Definition 2.11 (Cross-moments of MPH) Let \mathbf{Y} \sim \operatorname{MPH}(\boldsymbol{\alpha}, \mathbf{S}, \mathbf{R}) with Green matrix \mathbf{U} = (-\mathbf{S})^{-1}. The second-order cross-moment between marginals i and j is

\mathbb{E}[Y_i Y_j] = \boldsymbol{\alpha} \mathbf{U} \triangle(\mathbf{R}_{\cdot i}) \mathbf{U} \triangle(\mathbf{R}_{\cdot j}) \mathbf{e} + \boldsymbol{\alpha} \mathbf{U} \triangle(\mathbf{R}_{\cdot j}) \mathbf{U} \triangle(\mathbf{R}_{\cdot i}) \mathbf{e}. \tag{2.12}

Intuition

The cross-moment decomposes into two terms corresponding to the two orderings of reward accumulation: first accumulating \mathbf{R}_{\cdot i} then \mathbf{R}_{\cdot j}, and vice versa. This symmetry arises from a first-step analysis of the occupation measures. The formula reduces to \mathbb{E}[Y_i^2] = 2 \boldsymbol{\alpha} \mathbf{U} \triangle(\mathbf{R}_{\cdot i}) \mathbf{U} \triangle(\mathbf{R}_{\cdot i}) \mathbf{e} when i = j, consistent with the second moment formula (Equation 2.10 with n = 2).

Graph representation

The graph representation is the central data structure of phasic. It encodes phase-type distributions in a form that enables graph-based algorithms to operate in O(n + m) space rather than the O(n^2) required by dense matrices.
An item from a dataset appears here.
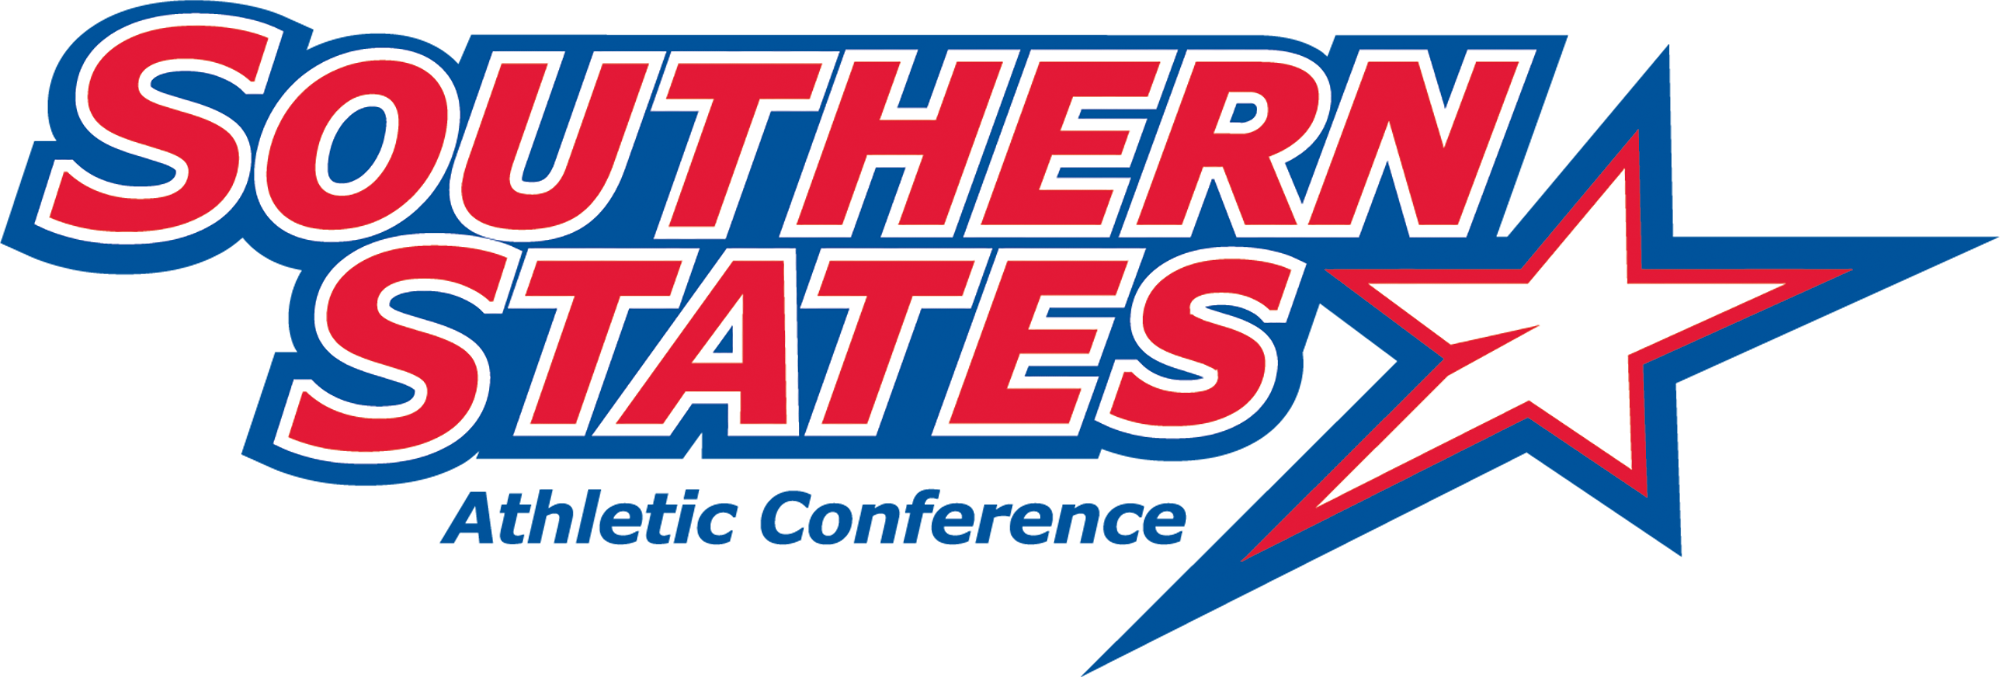 Southern States Athletic Conference

Definition 2.12 (Weighted directed graph) A weighted directed graph is a triple G = (V, E, W) where V is a finite set of vertices, E \subseteq V \times V is a set of directed edges, and W \colon E \to \mathbb{R} is a weight function. We write (v \to z) \in E for a directed edge from v to z and w(v \to z) for its weight. The children and parents of v are \operatorname{children}(v) = \{z \in V : (v \to z) \in E\} and \operatorname{parents}(v) = \{u \in V : (u \to v) \in E\}. The total outgoing rate of v is \lambda_v = \sum_{z \in \operatorname{children}(v)} w(v \to z).

Intuition

The graph is a sparse representation of the generator (for CPH) or transition matrix (for DPH). Only edges with non-zero weight are stored, which is why the representation is efficient for sparse Markov chains.
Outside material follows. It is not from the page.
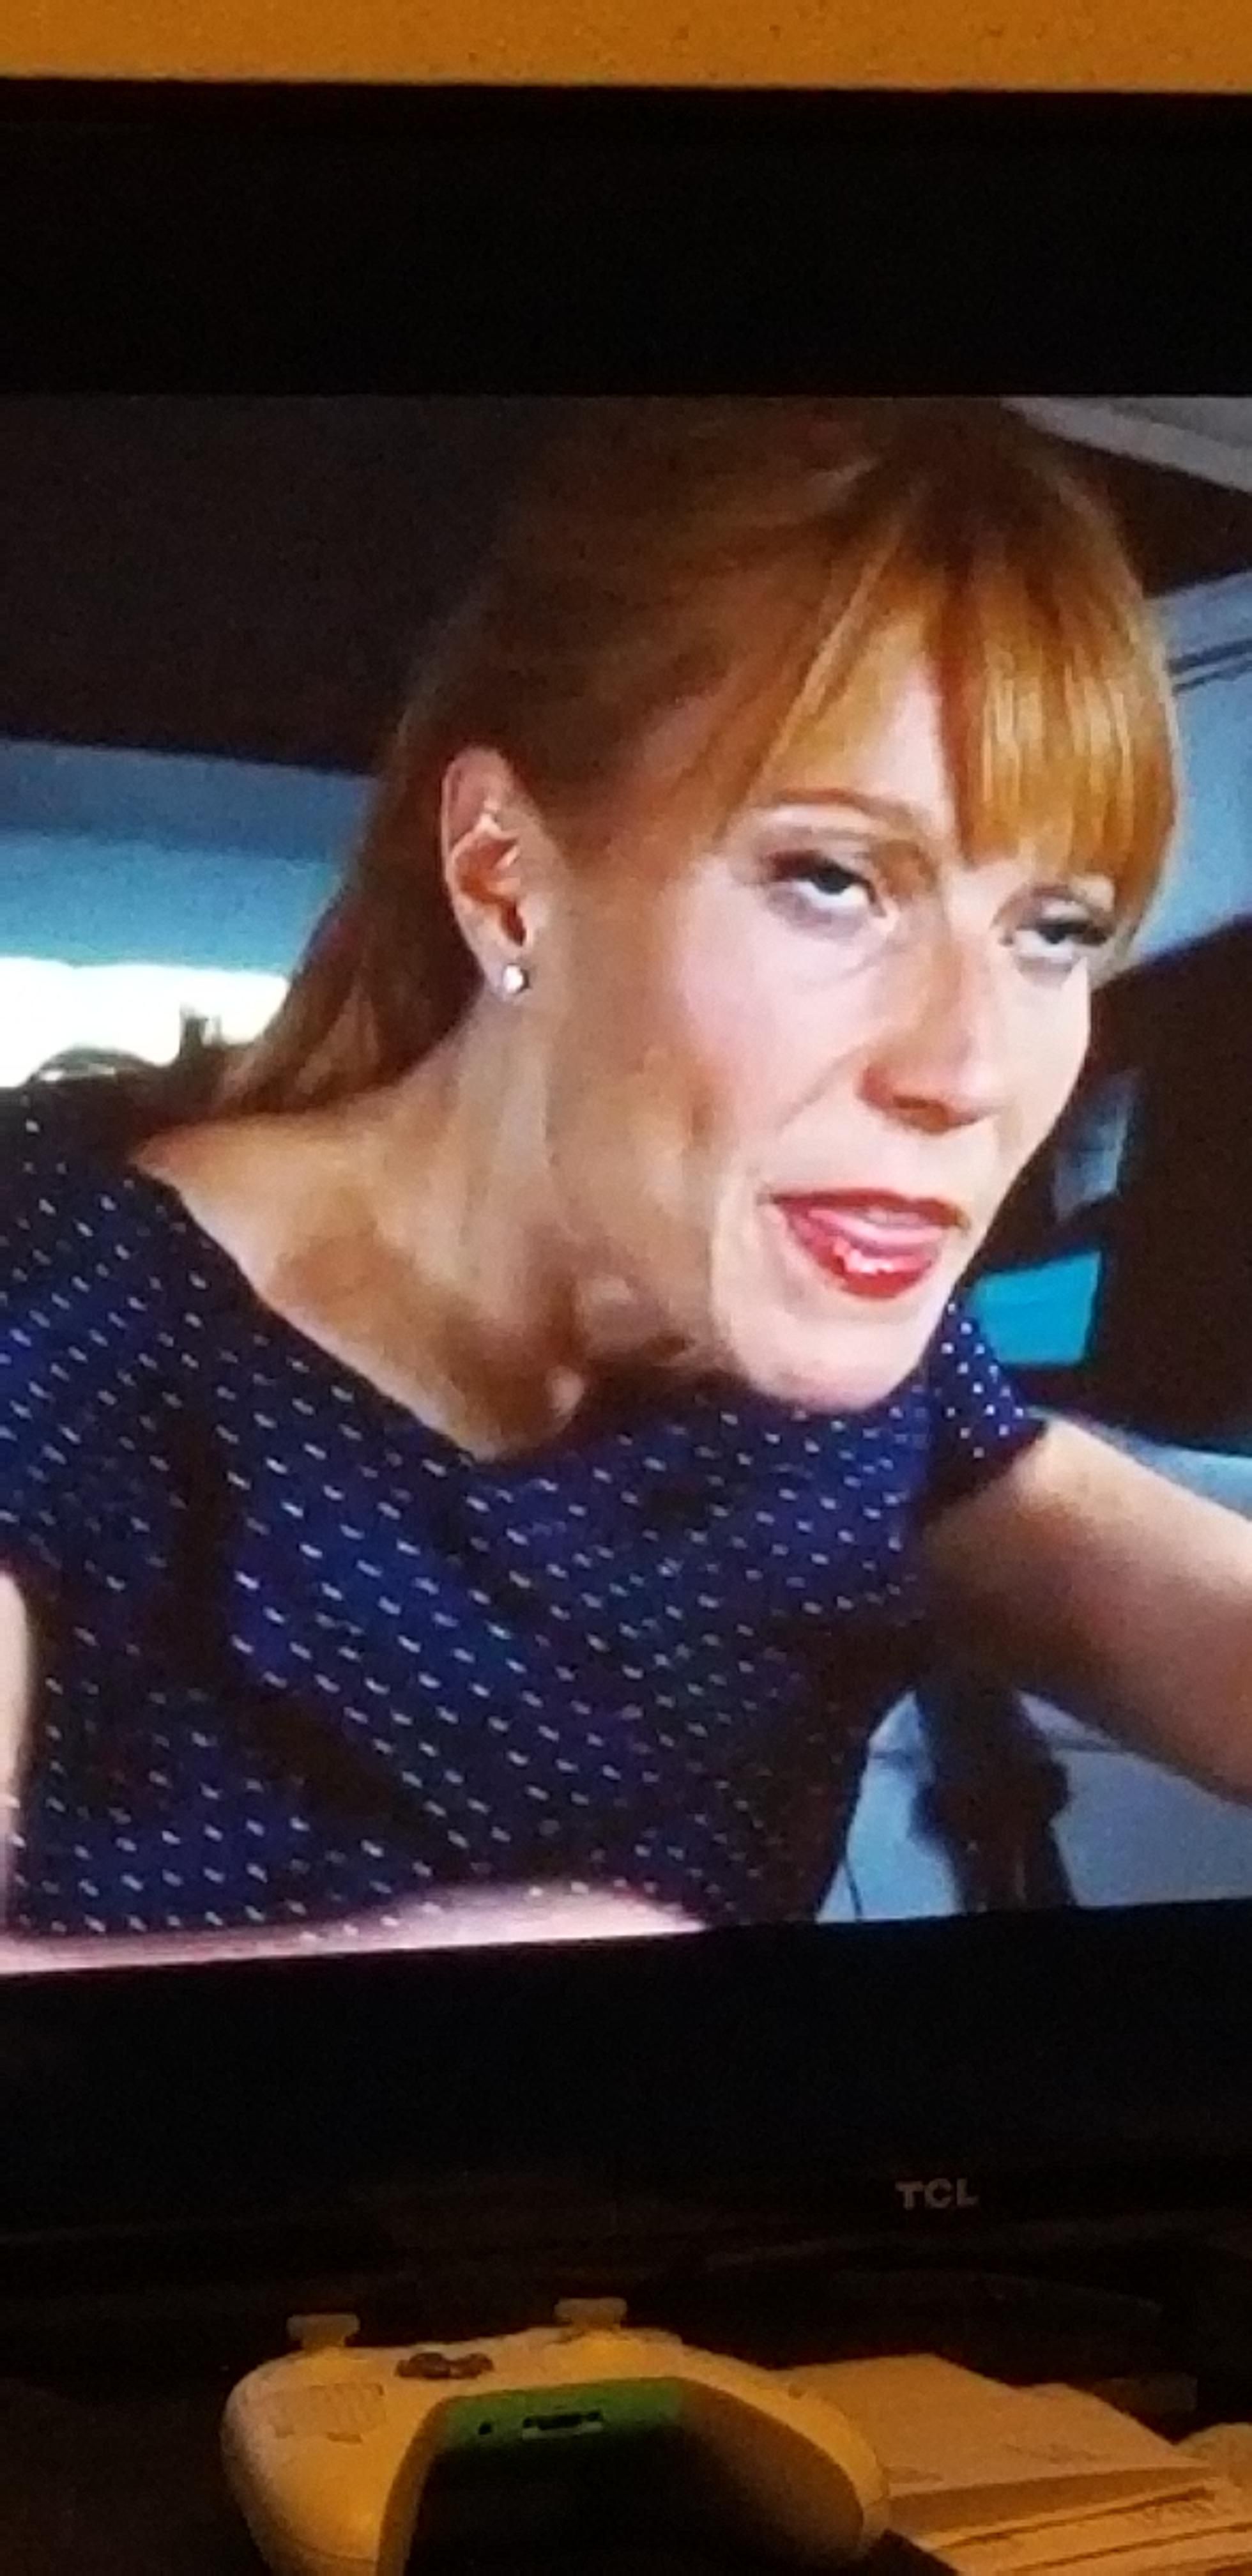 Paused Iron Man 2 at the right time.

Definition 2.13 (Phase-type graph structure) A phase-type graph is a weighted directed graph G = (V, E, W) with the following distinguished structure:

A starting vertex v_0 \in V whose outgoing edges encode the initial distribution: w(v_0 \to v_i) = \alpha_i for each transient state i with \alpha_i > 0, and \lambda_{v_0} \leq 1.
Transient vertices v_1, \ldots, v_p \in V, one per transient state. The edge weights between transient vertices encode off-diagonal entries of the sub-intensity matrix (CPH) or sub-transition matrix (DPH).
Absorbing vertices: vertices v \in V with \operatorname{children}(v) = \emptyset.

The starting vertex v_0 is assigned reward zero. Each transient vertex v_i may be assigned a non-negative reward r_{v_i} \geq 0.

Intuition

The starting vertex v_0 acts as a “dispatcher” that distributes probability mass to the transient states according to \boldsymbol{\alpha}. It is not itself a transient state of the Markov chain. Absorbing vertices are sinks with no outgoing edges; once probability mass reaches them, it is permanently captured.

Example

An \operatorname{Exp}(\lambda) distribution is represented by three vertices: v_0 (starting), v_1 (transient), and v_a (absorbing), with edges w(v_0 \to v_1) = 1 and w(v_1 \to v_a) = \lambda.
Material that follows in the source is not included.